Given material:
■ ■ ■ ■ ■ ■ ■

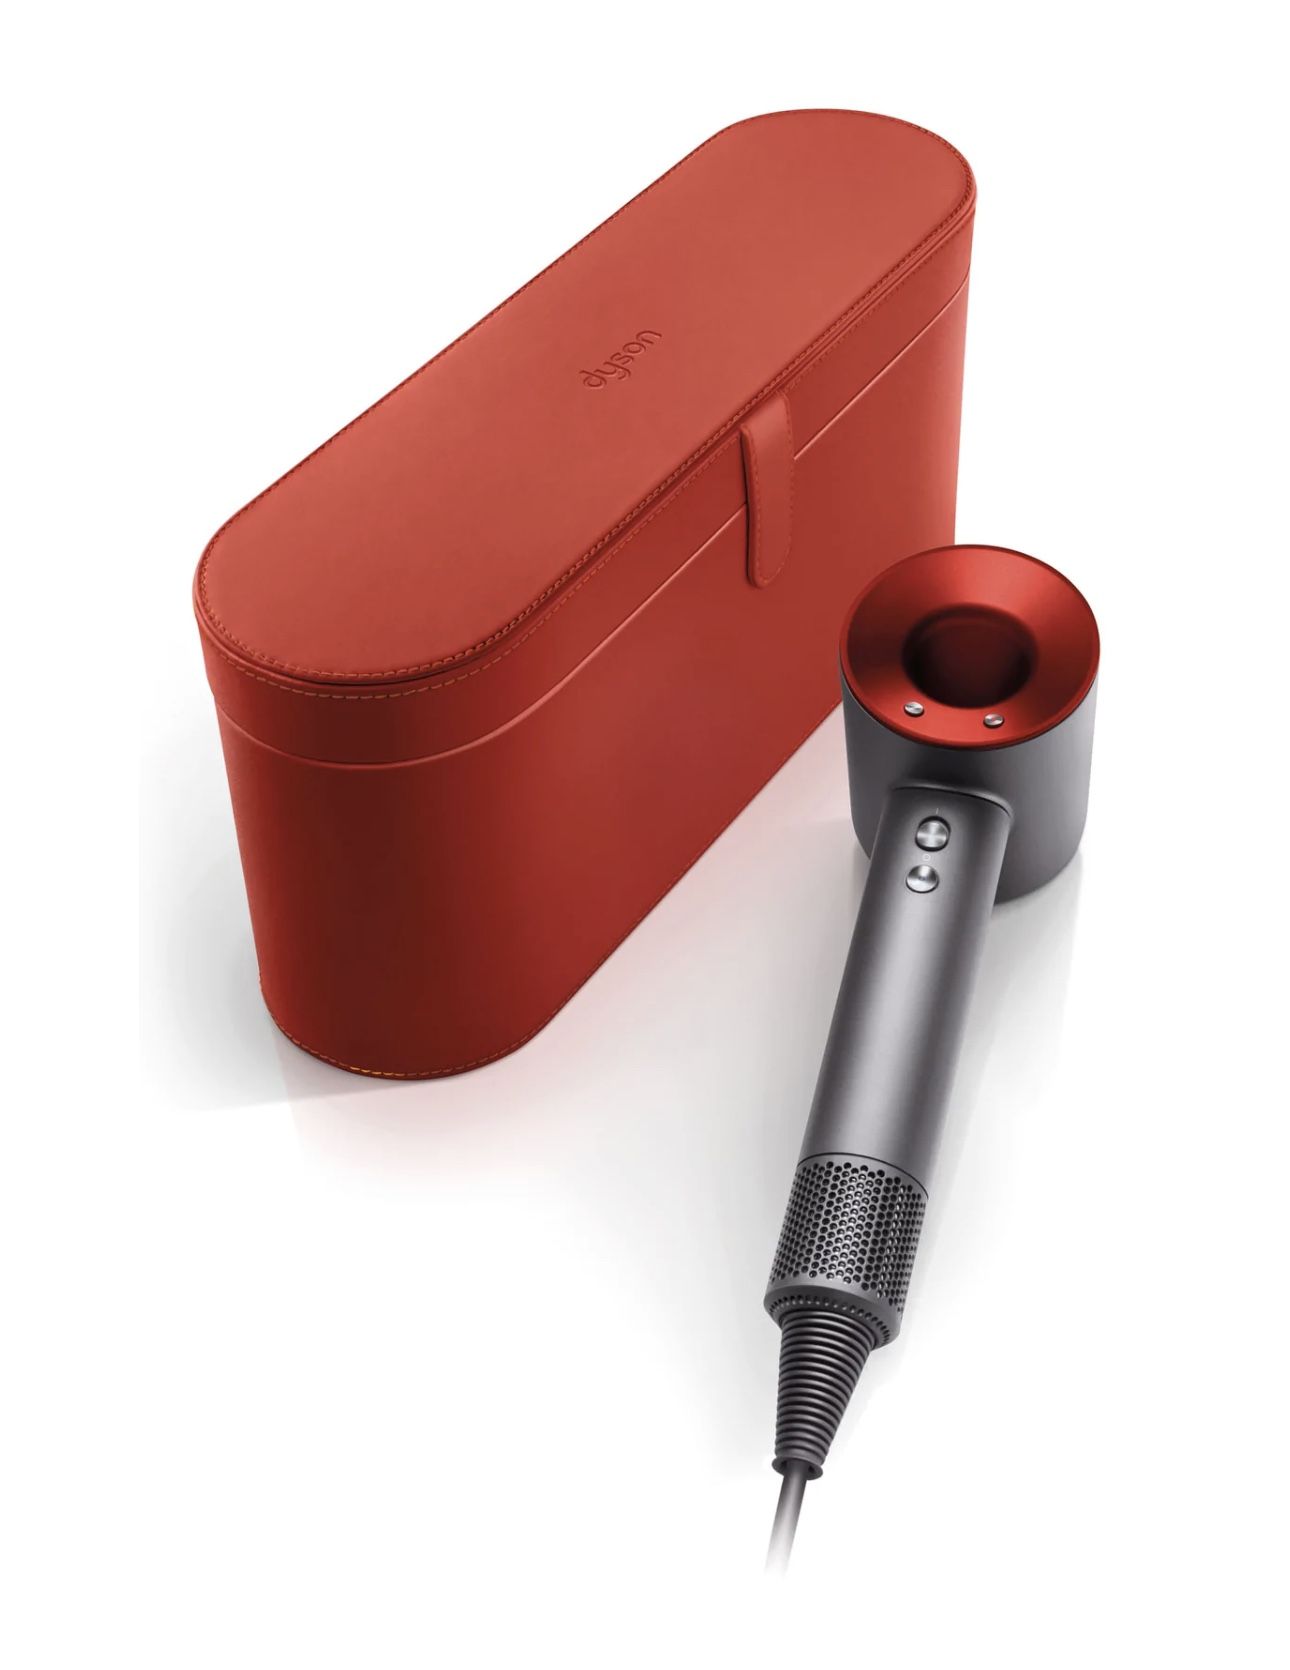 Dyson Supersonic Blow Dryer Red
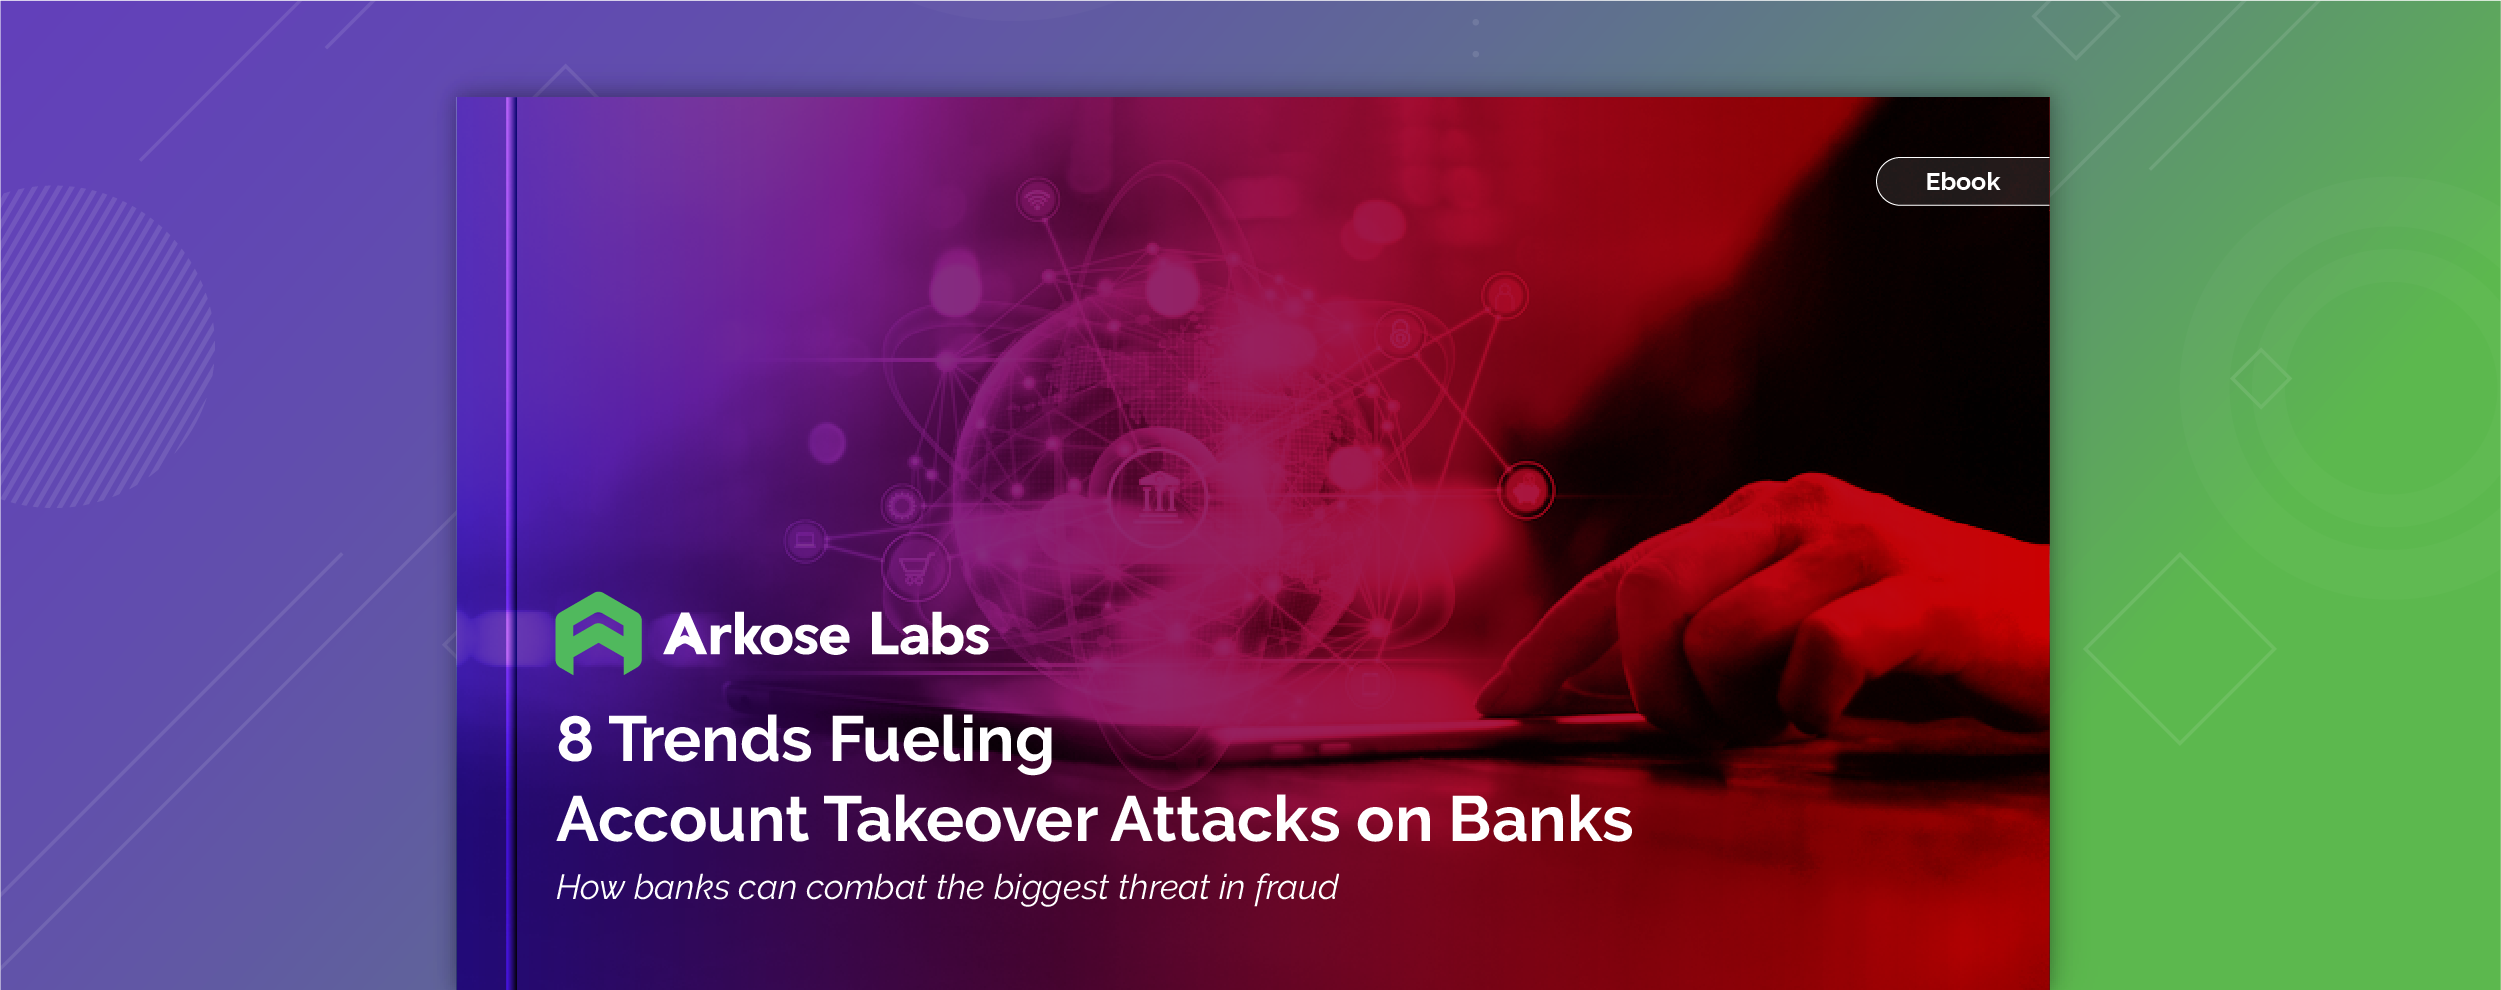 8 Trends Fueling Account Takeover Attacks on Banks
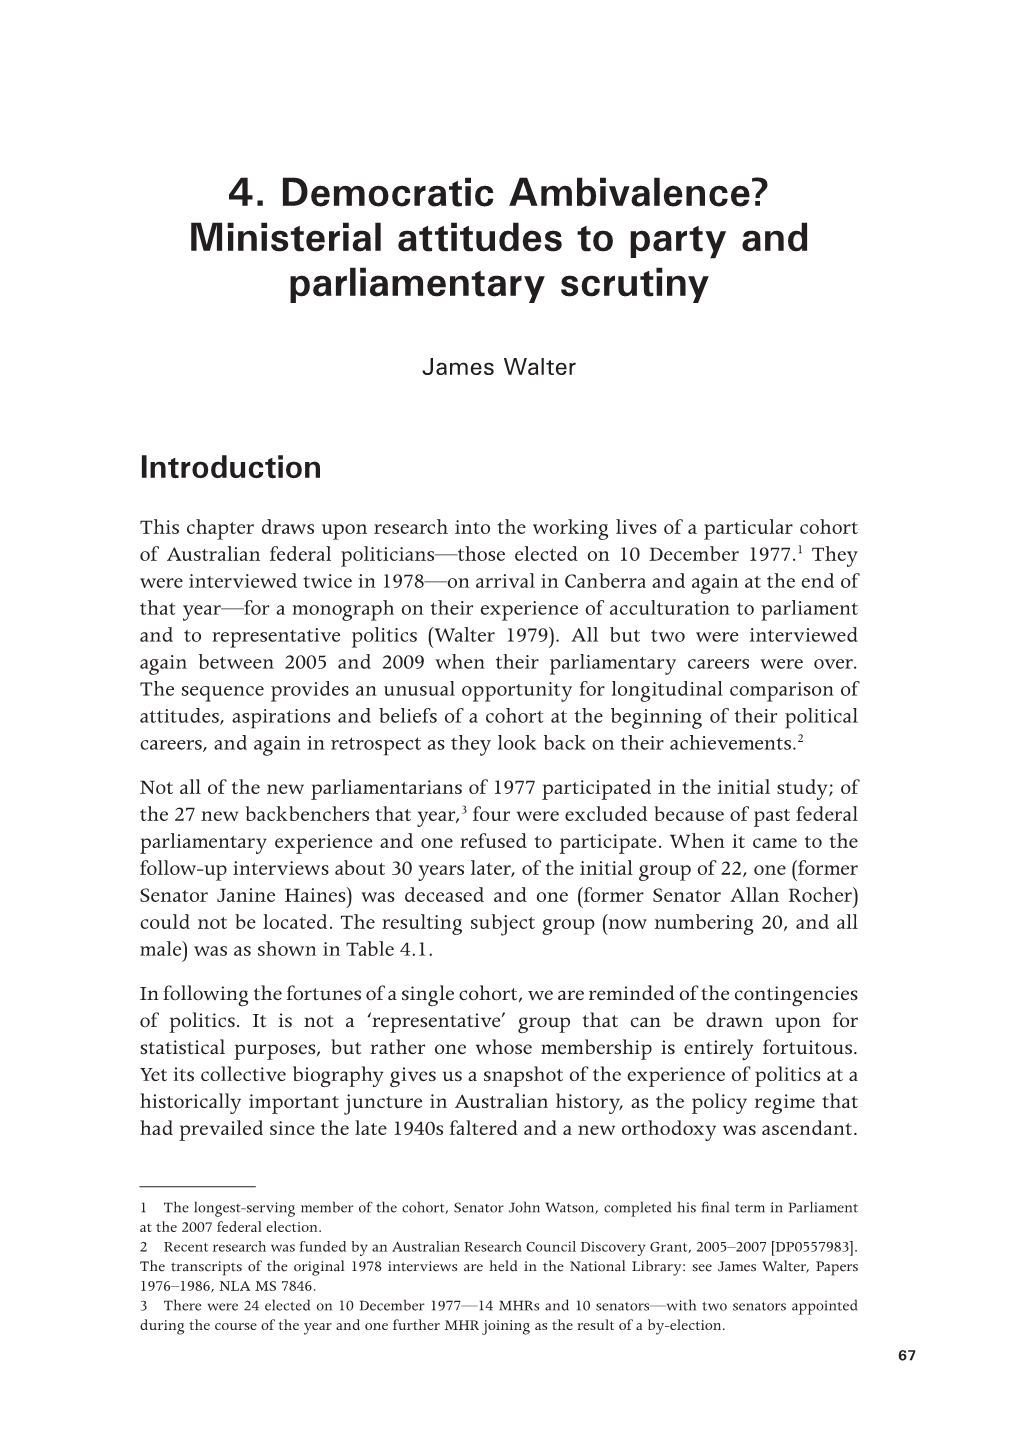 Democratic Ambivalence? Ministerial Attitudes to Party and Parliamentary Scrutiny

■ ■ ■ ■ ■ ■ ■

Required action:
Reproduce every line above exactly as written, omitting the images.

Solution to the exercise:
 Dyson Supersonic Blow Dryer Red
 8 Trends Fueling Account Takeover Attacks on Banks
 Democratic Ambivalence? Ministerial Attitudes to Party and Parliamentary Scrutiny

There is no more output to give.